## ASSIGNMENT
For this exercise, output exactly and only the lines running from the one with "Fresh ripe cranberries" through the final line of the data below, without pictures.

## DATASET EXCERPT

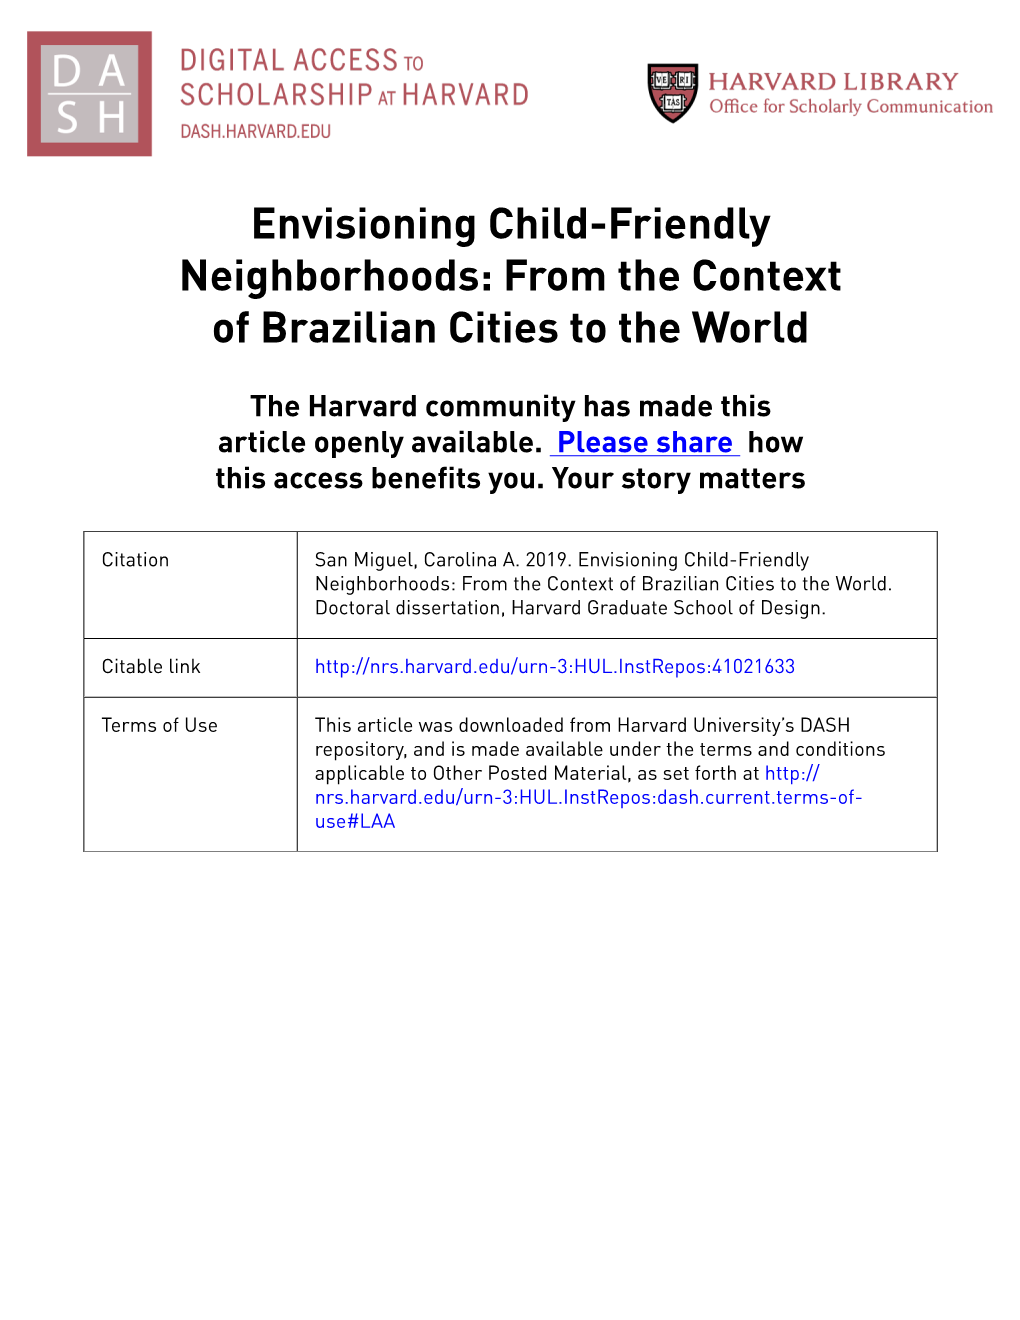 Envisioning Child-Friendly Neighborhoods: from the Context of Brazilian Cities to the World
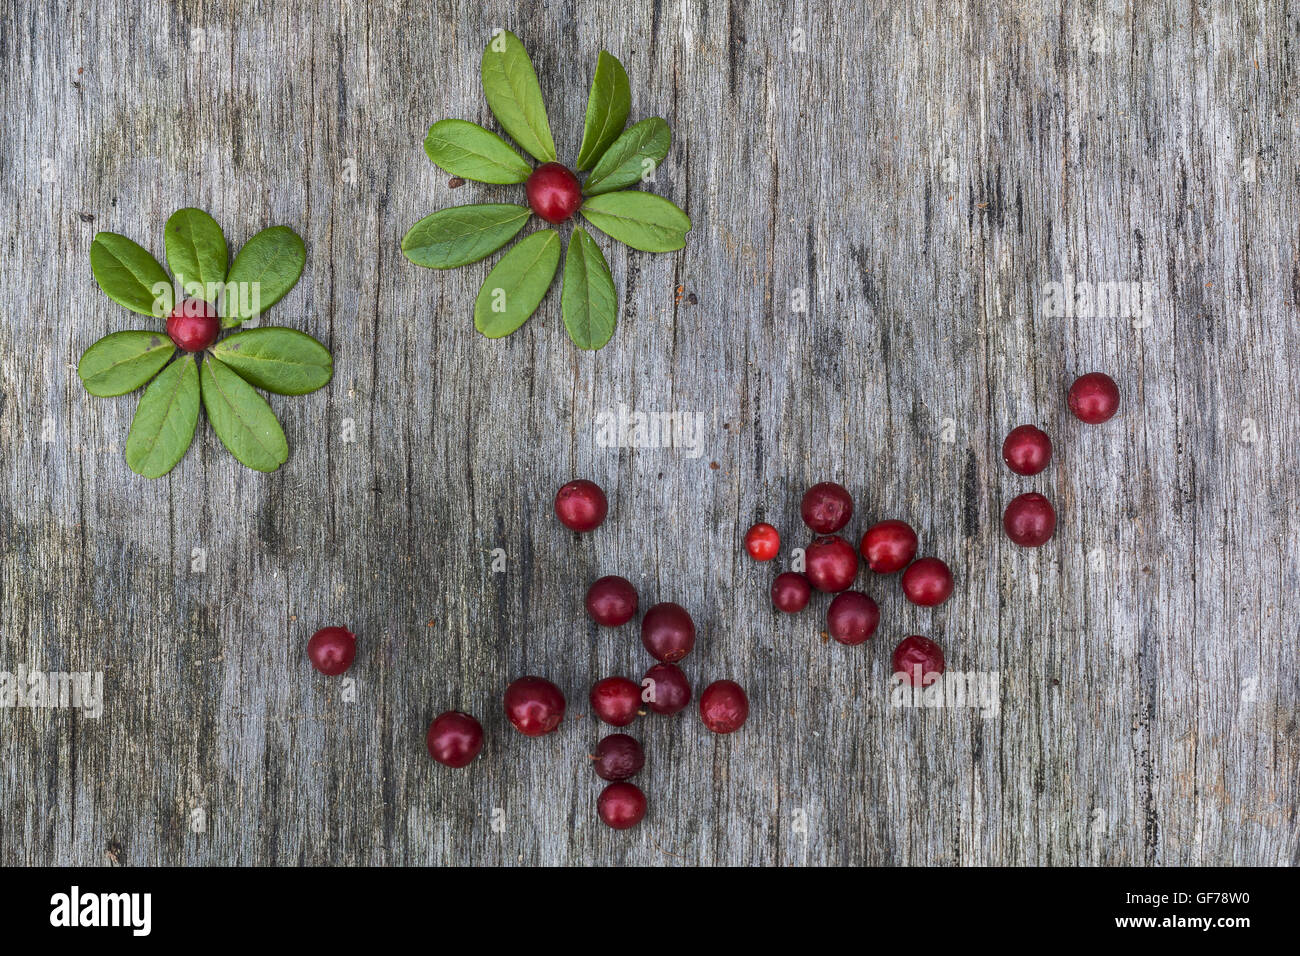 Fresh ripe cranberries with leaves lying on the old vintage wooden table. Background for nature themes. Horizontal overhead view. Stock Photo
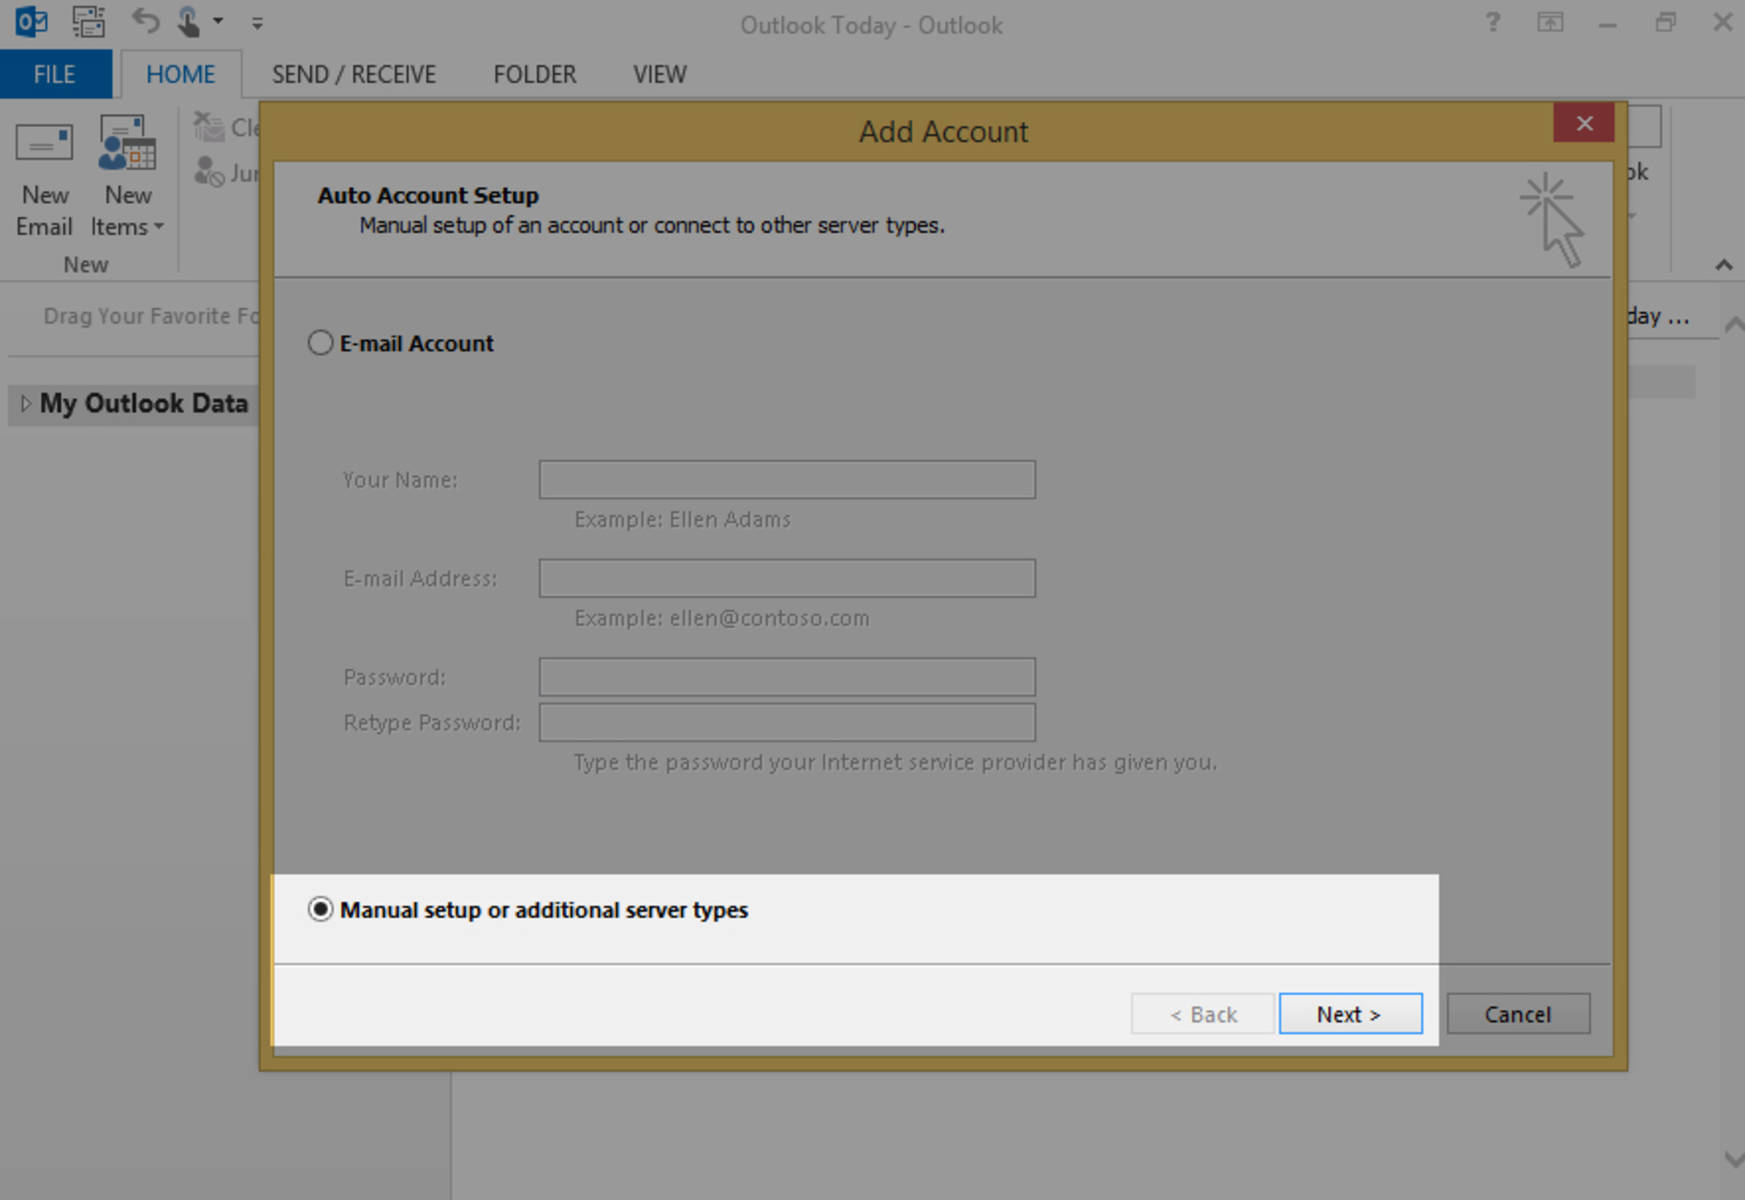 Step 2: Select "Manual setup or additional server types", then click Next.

## TASK ANSWER
 Fresh ripe cranberries with leaves lying on the old vintage wooden table. Background for nature themes. Horizontal overhead view. Stock Photo
 Step 2: Select "Manual setup or additional server types", then click Next.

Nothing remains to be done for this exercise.